_Your instructions_:
Repeat what the lines below say, word for word, and skip every image.

_Information provided_:
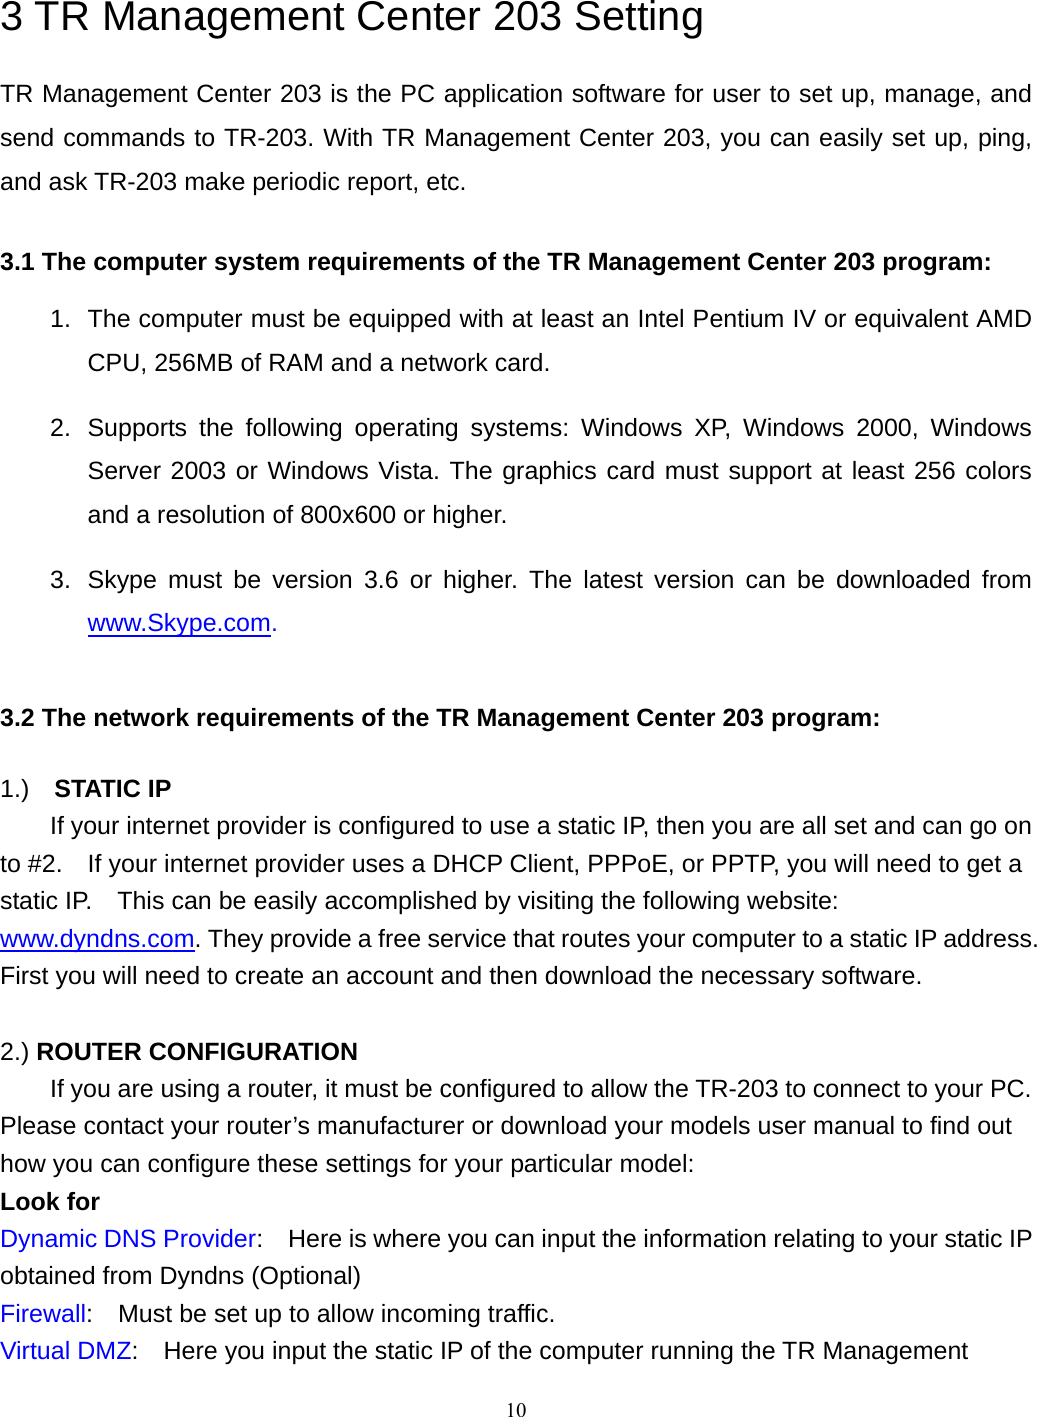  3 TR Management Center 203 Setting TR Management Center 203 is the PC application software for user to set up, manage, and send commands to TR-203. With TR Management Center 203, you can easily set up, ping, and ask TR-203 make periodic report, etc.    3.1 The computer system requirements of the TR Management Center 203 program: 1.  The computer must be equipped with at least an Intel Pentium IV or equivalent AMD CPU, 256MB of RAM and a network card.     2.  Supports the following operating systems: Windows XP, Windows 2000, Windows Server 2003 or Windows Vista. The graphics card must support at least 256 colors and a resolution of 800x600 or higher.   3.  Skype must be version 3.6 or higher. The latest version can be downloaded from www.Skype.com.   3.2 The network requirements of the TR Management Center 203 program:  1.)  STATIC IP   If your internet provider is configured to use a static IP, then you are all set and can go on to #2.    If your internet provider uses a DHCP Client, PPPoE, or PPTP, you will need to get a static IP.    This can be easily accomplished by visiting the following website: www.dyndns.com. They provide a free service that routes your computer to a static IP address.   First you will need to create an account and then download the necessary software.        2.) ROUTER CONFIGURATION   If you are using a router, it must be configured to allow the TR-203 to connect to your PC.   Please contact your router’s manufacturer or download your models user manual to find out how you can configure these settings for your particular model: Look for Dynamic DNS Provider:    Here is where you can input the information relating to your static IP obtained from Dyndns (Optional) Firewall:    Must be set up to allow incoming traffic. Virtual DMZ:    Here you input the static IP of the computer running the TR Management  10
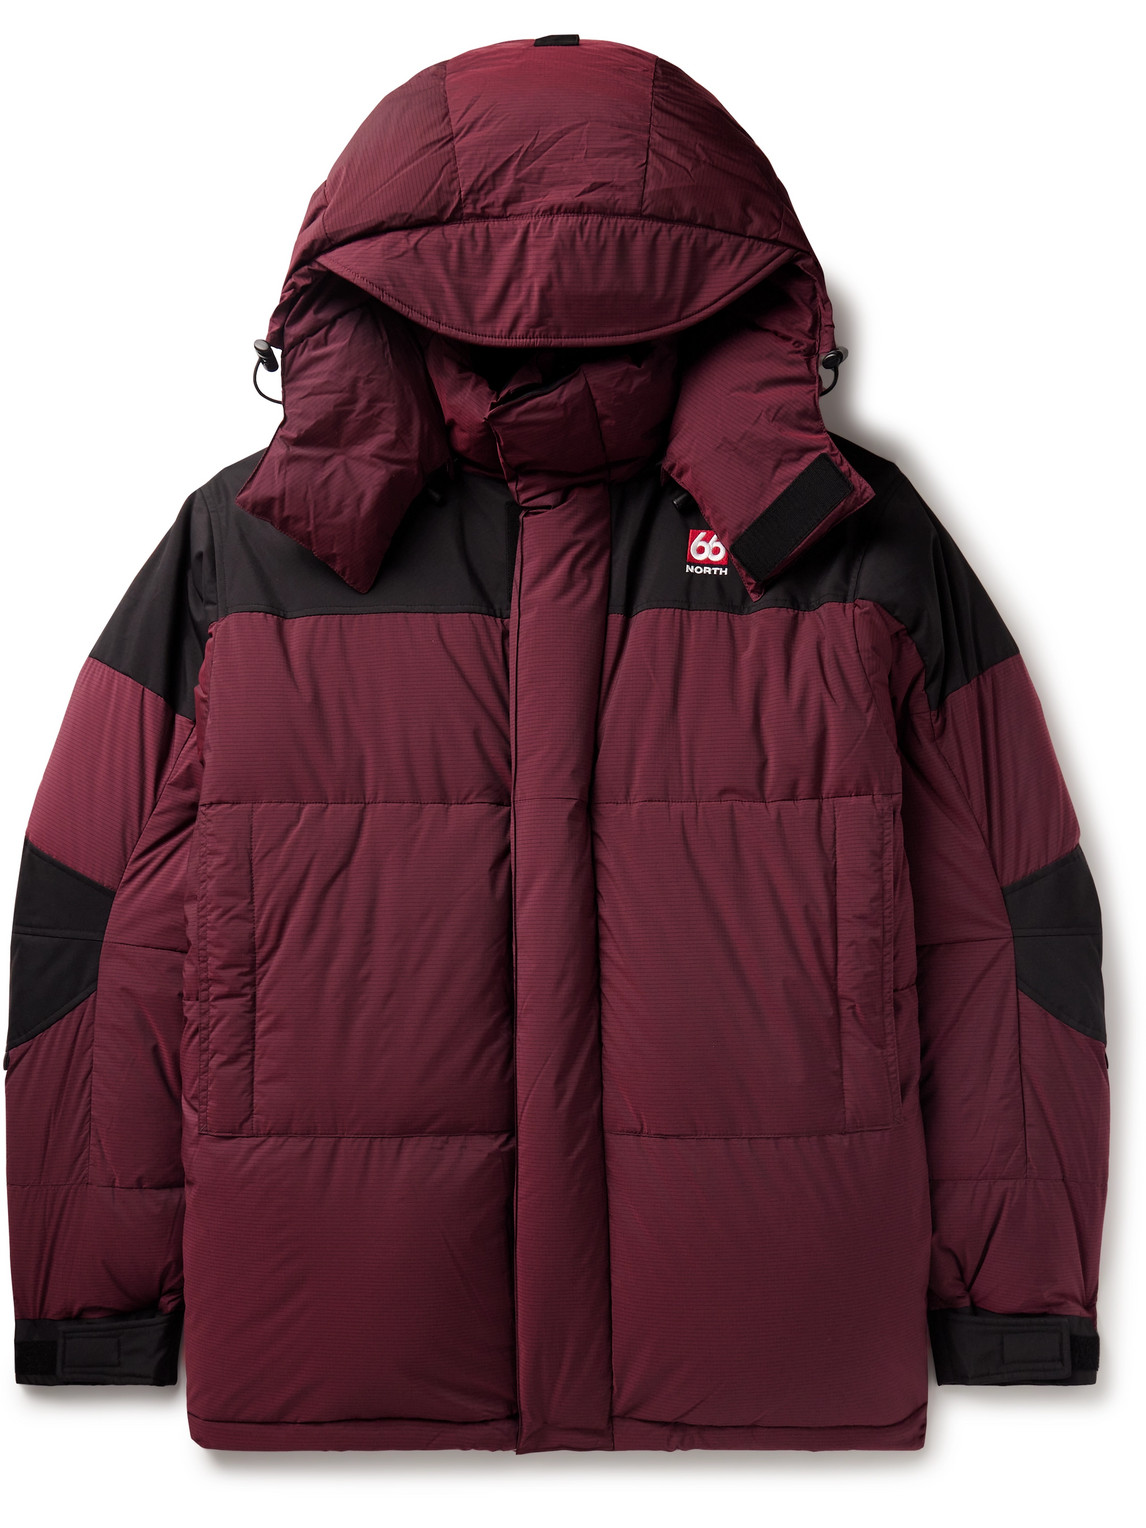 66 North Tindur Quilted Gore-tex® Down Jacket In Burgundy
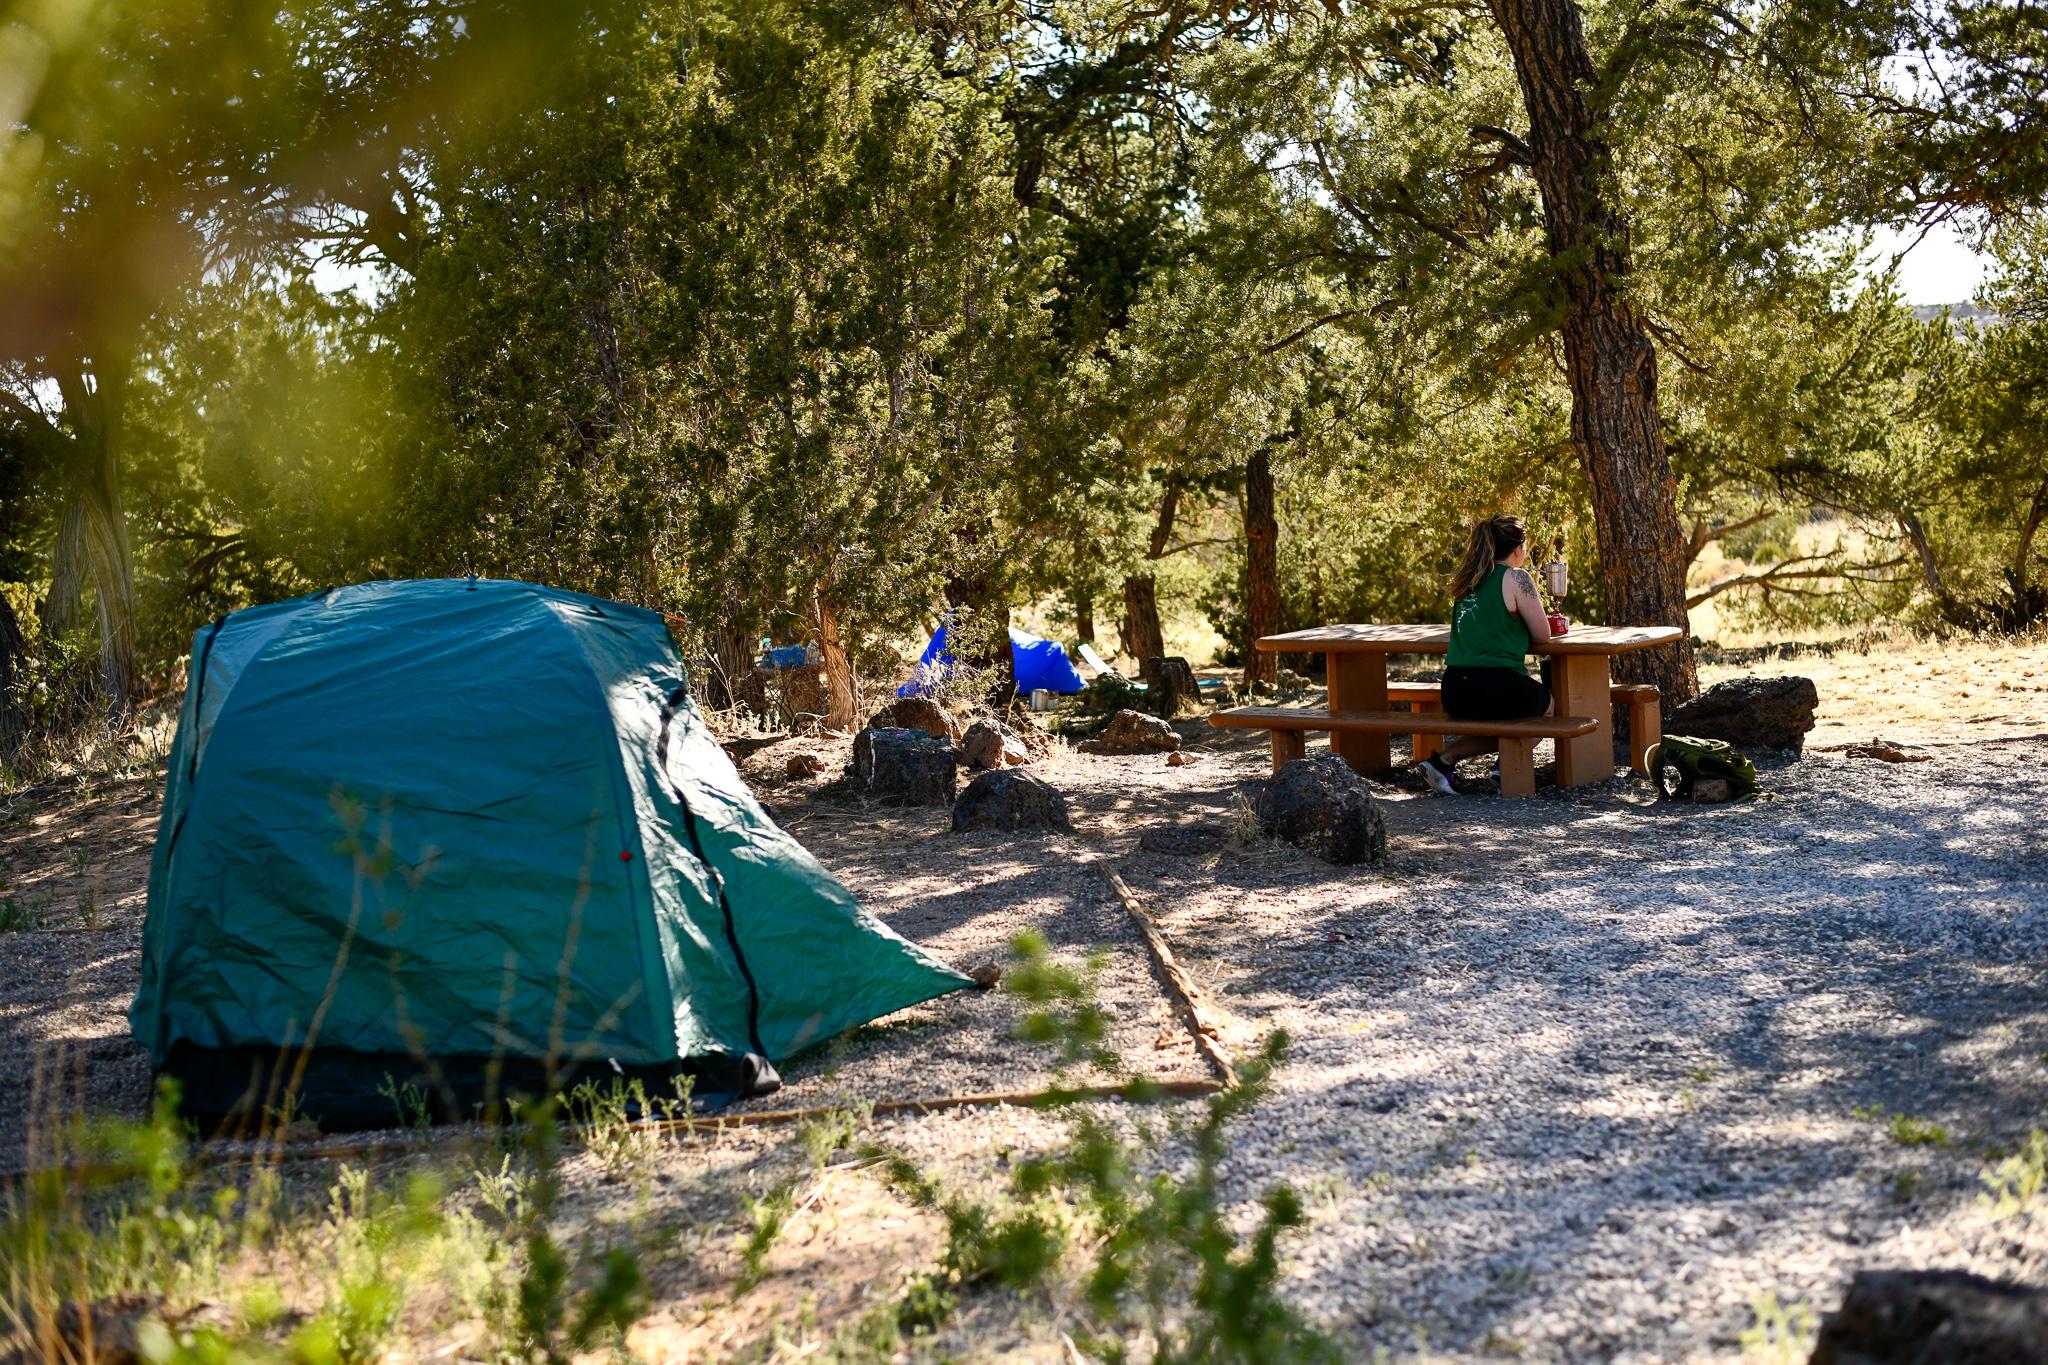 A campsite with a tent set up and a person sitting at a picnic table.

_Expected output_:
  3 TR Management Center 203 Setting TR Management Center 203 is the PC application software for user to set up, manage, and send commands to TR-203. With TR Management Center 203, you can easily set up, ping, and ask TR-203 make periodic report, etc.    3.1 The computer system requirements of the TR Management Center 203 program: 1.  The computer must be equipped with at least an Intel Pentium IV or equivalent AMD CPU, 256MB of RAM and a network card.     2.  Supports the following operating systems: Windows XP, Windows 2000, Windows Server 2003 or Windows Vista. The graphics card must support at least 256 colors and a resolution of 800x600 or higher.   3.  Skype must be version 3.6 or higher. The latest version can be downloaded from www.Skype.com.   3.2 The network requirements of the TR Management Center 203 program:  1.)  STATIC IP   If your internet provider is configured to use a static IP, then you are all set and can go on to #2.    If your internet provider uses a DHCP Client, PPPoE, or PPTP, you will need to get a static IP.    This can be easily accomplished by visiting the following website: www.dyndns.com. They provide a free service that routes your computer to a static IP address.   First you will need to create an account and then download the necessary software.        2.) ROUTER CONFIGURATION   If you are using a router, it must be configured to allow the TR-203 to connect to your PC.   Please contact your router’s manufacturer or download your models user manual to find out how you can configure these settings for your particular model: Look for Dynamic DNS Provider:    Here is where you can input the information relating to your static IP obtained from Dyndns (Optional) Firewall:    Must be set up to allow incoming traffic. Virtual DMZ:    Here you input the static IP of the computer running the TR Management  10
 66 North Tindur Quilted Gore-tex® Down Jacket In Burgundy
 A campsite with a tent set up and a person sitting at a picnic table.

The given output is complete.